Missions is CALL.  I go back 50 years to my missions call.  Missions is COMMAND.  The Great Commission. Missions is COMMITMENT.  Sticking with it.  Missions is COOPERATION. We cannot do it without you, oh SBC Pastor, Church, and church member listening to me now. .

Yesterday (in the church where we spoke), we shared three stories…

–How William Buck Bagby in 1882 went to Brazil and led to Christ Iracema’s paternal grandfather, Ambrosino Mendonca, in 1886.  That led to the salvation of all thirteen of his children, which included Iracema’s mother, Ruth.  And through that, Iracema was appointed a missionary, in 1990 and in 2018 that man’s great-grandson Steven Kunkel went to Japan, as a Macedonian Student IMB Missionary.

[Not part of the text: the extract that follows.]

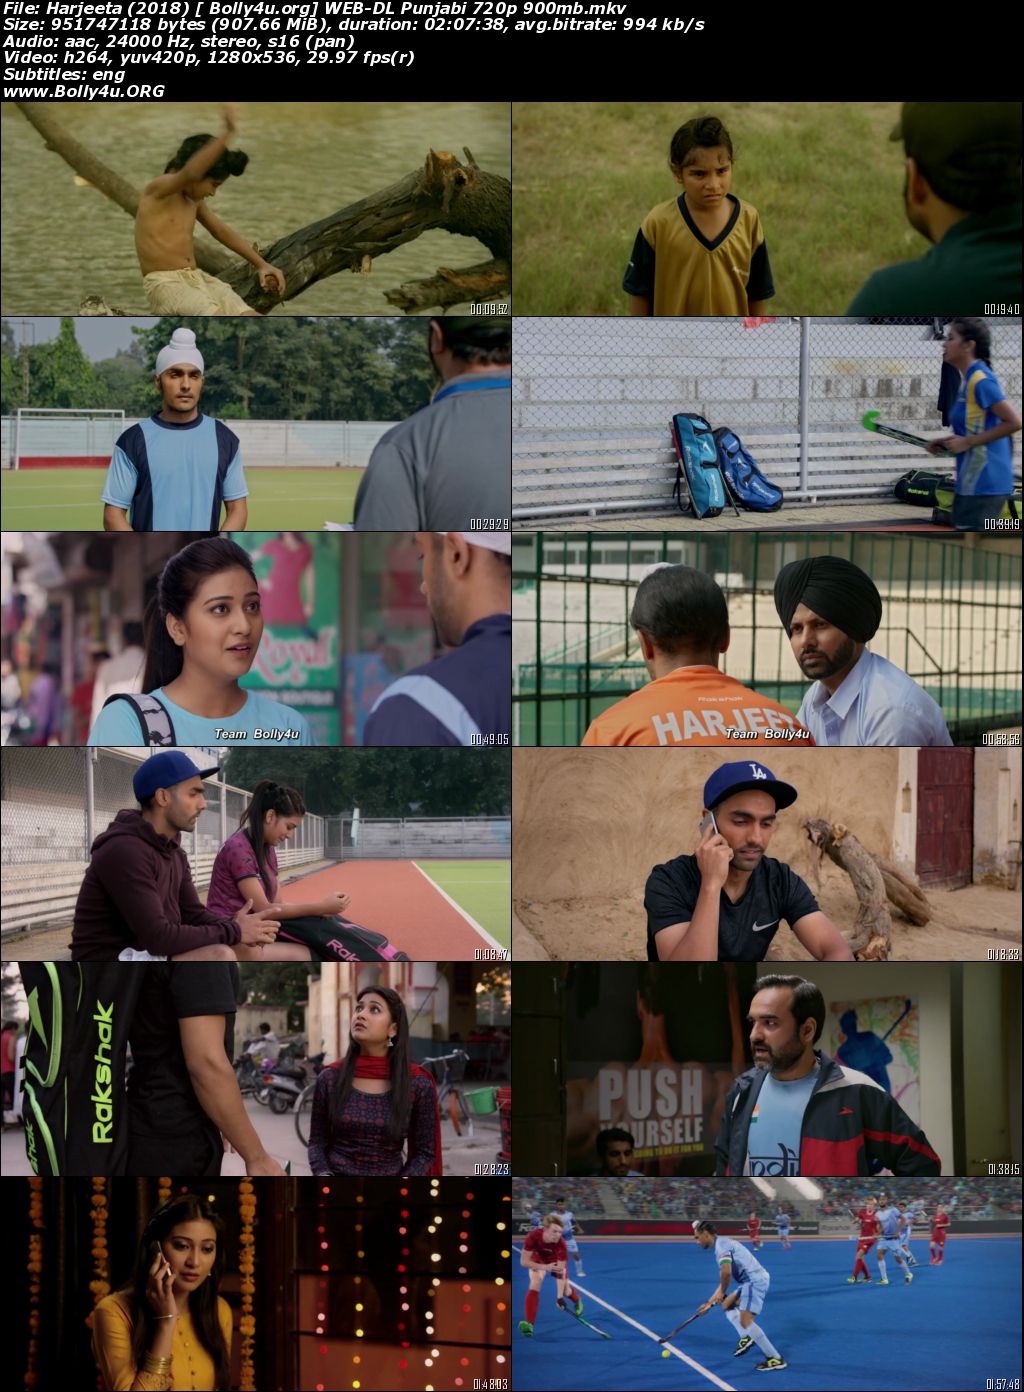 Harjeeta 2018 WEB-DL 900Mb Punjabi Movie Download 720p

–I talked about how I gave a tract in 2003 to a young man in a McDonald’s 300 miles from my house in Uruguay.  Through that tract, he got saved.  Eight years later he sent me an email.  And 11 years after that, I actually gave a copy of that email to the  pastor at the church from the pulpit, and the Hispanic pastor who was there as well.  

–My wife gave the story of a visit to a critically ill lady, ( AIDS, about 35)  in a Catholic hospice in Asuncion Paraguay.  As she presented the gospel to the woman, she began to cry.  Looking off into the distance, she said to Iracema, “Who are those people with you?”  Iracema looked around and said, “There’s no one else here.”  The lady said, “I see many and they are all dressed in white.”  The next day the woman was unresponsive and she died within the week.

So, yes, yes, yes, we are story-oriented and not just theologically oriented.  What we share is not just your typical preaching.

And that is precisely what I’m calling for.  My people can hear me preach on Acts 1:8 anytime. But when our missionaries arrive to share reports from the fields of the world, our people give them their undivided attention.  These are warriors on the front lines for Christ and they deserve a hearing.

But sometimes they need reminding…

I encourage pastors to remind the visiting missionaries, “Tell us what you have seen and heard in your country.  Tell us what God is doing.  Tell us how we can pray for you more effectively.”

“Give us your story.”  “Tell us what God has taught you.”  “Leave my people changed forever by what you share.”

It’s a big order, but not for the Holy Spirit.  We are doing His work.

Pastors, church members, and missionaries are partners in this worldwide enterprise.  Those who have gone forth to the fields of the world have our undying love and respect and support.  So, we want to do all we can to make them feel appreciated and put the proper tools in their hands.




1 thought on “What to tell the missionary speaker in your church

  1. This is great advice and counsel. I always appreciate a pastor who knows his people what will resonate with them. I saw my job as one to share the vision our Lord has about all the nations and specific examples how He is fulfilling that vision. Finally, my task was to share how the church folks fit into that same vision.